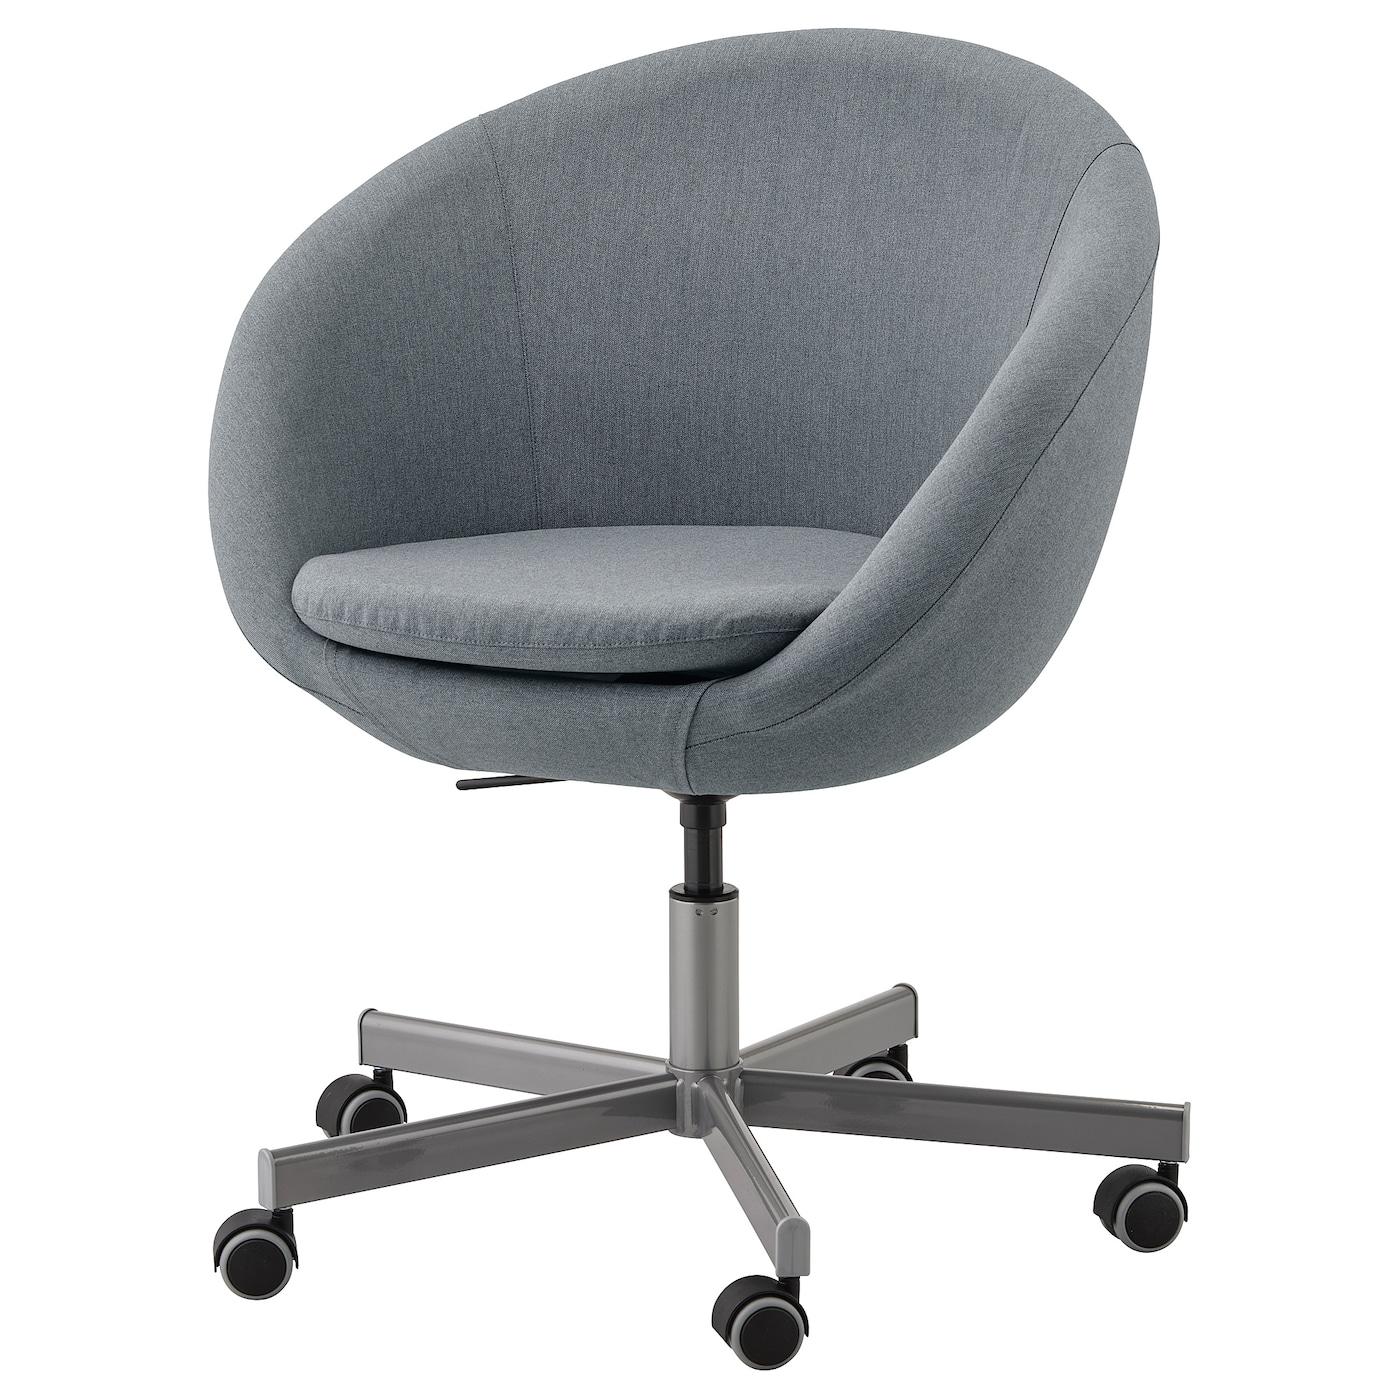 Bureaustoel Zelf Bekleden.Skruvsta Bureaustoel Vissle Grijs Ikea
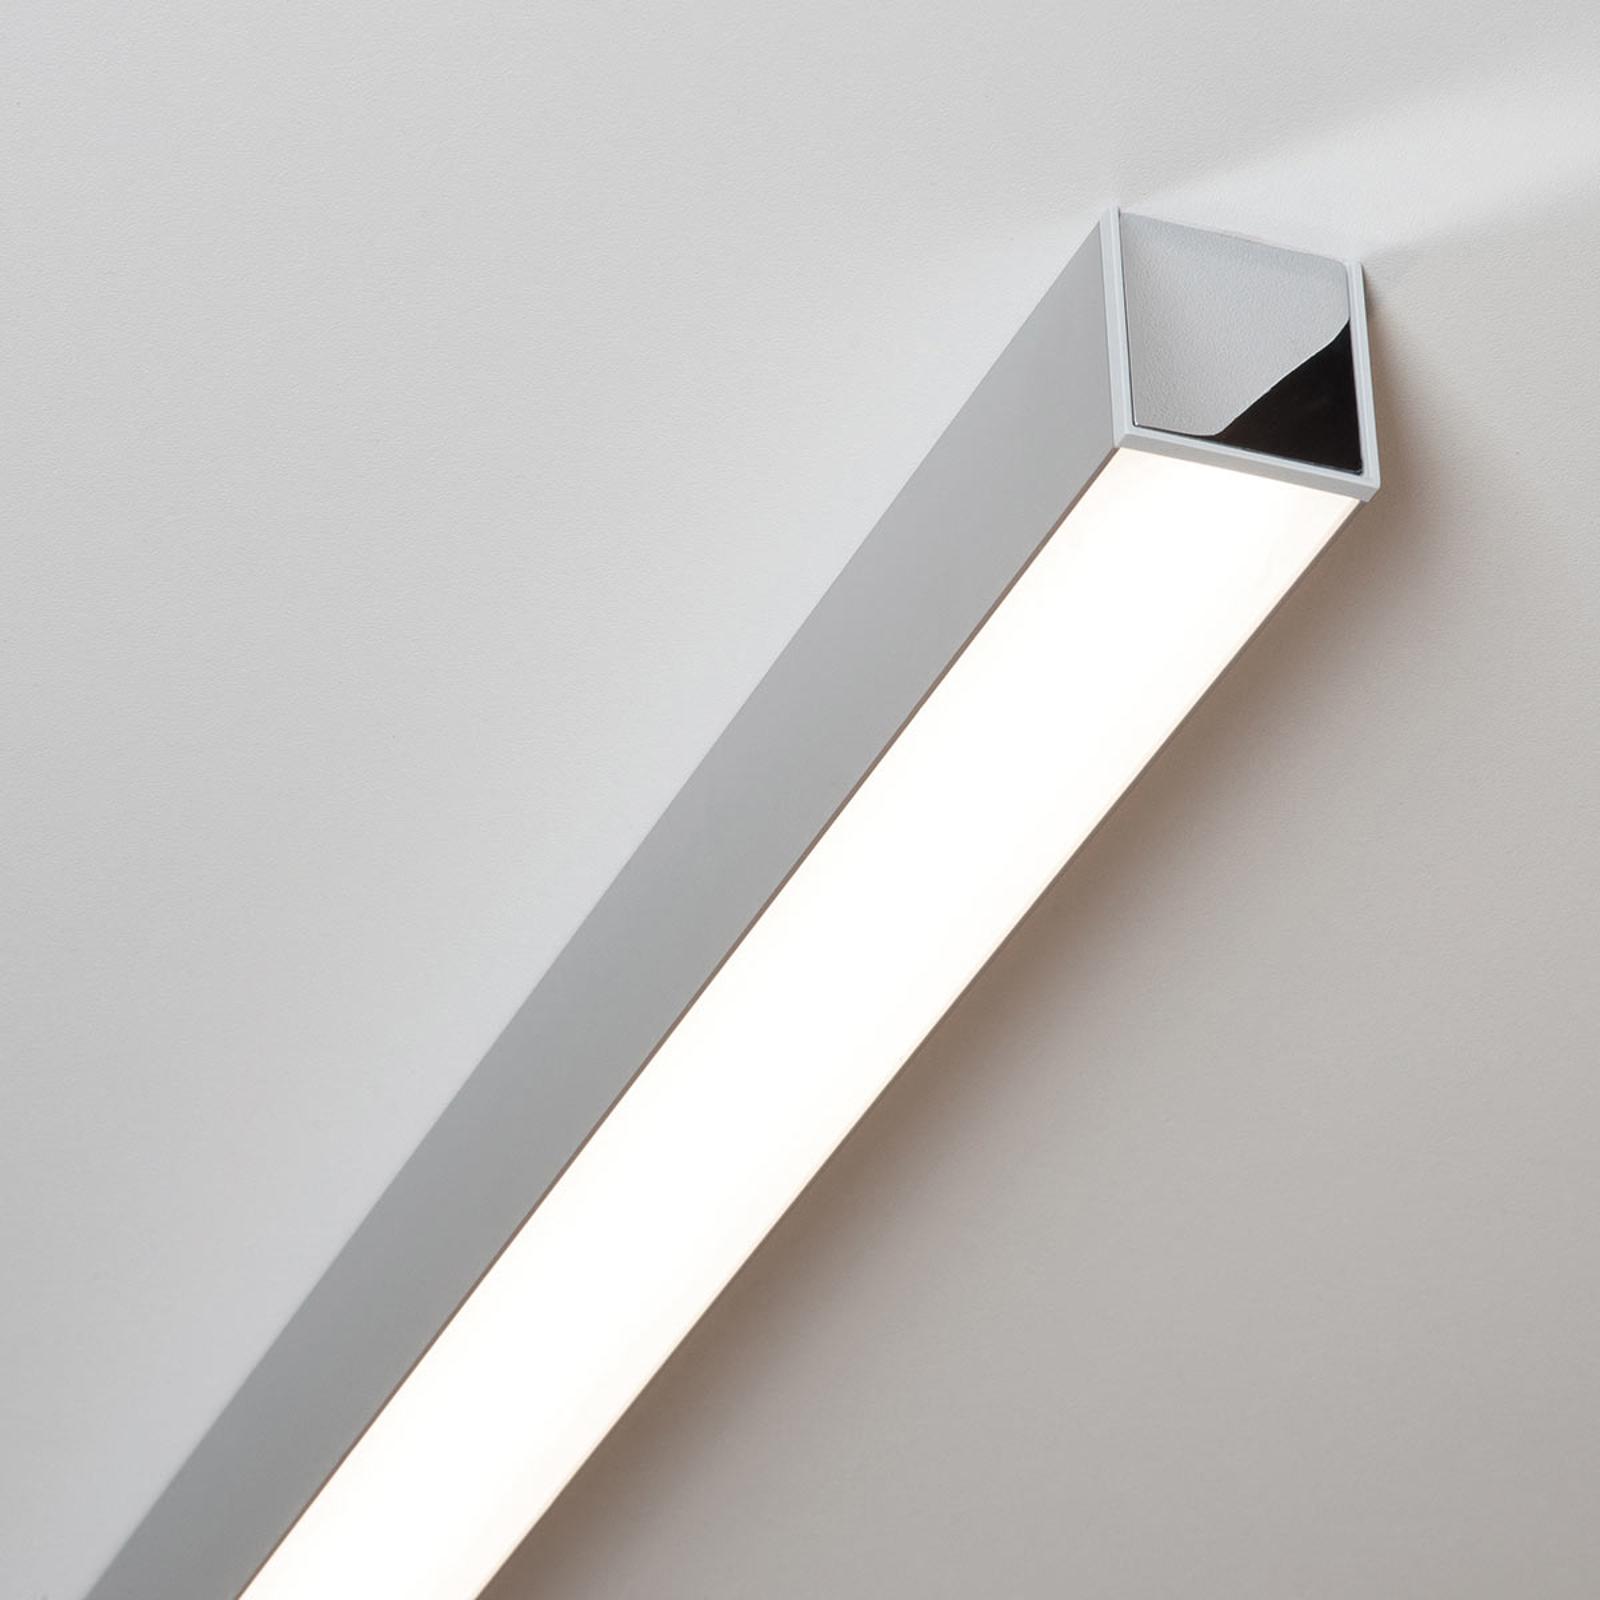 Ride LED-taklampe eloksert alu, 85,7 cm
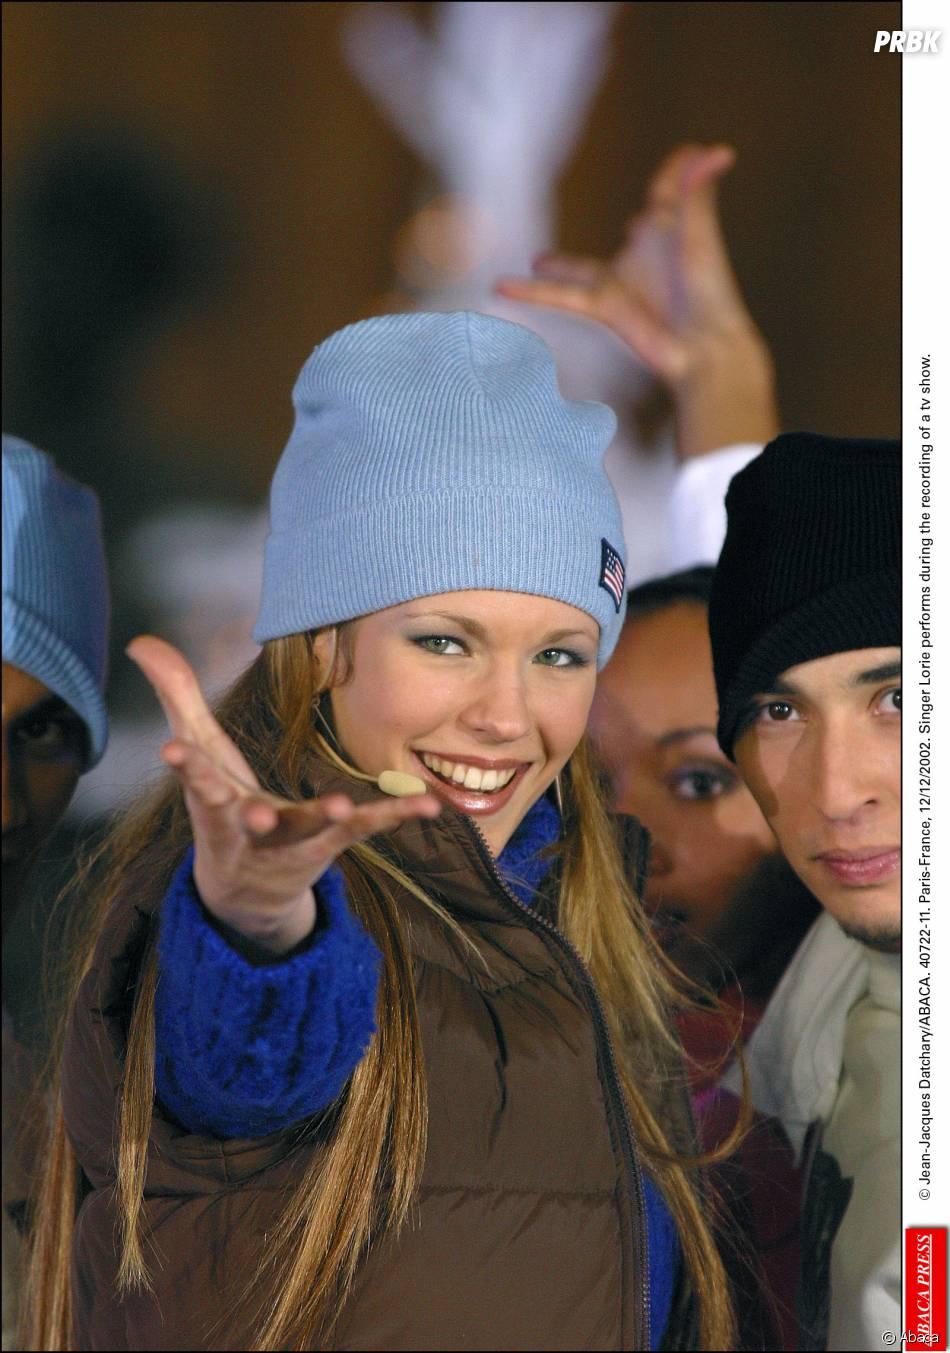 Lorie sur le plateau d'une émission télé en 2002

◆ EXERCISE:
The data must come back word for word, with every picture removed.

◆ COMPLETED TASK:
 Bureaustoel Zelf Bekleden.Skruvsta Bureaustoel Vissle Grijs Ikea
 Ride LED-taklampe eloksert alu, 85,7 cm
 Lorie sur le plateau d'une émission télé en 2002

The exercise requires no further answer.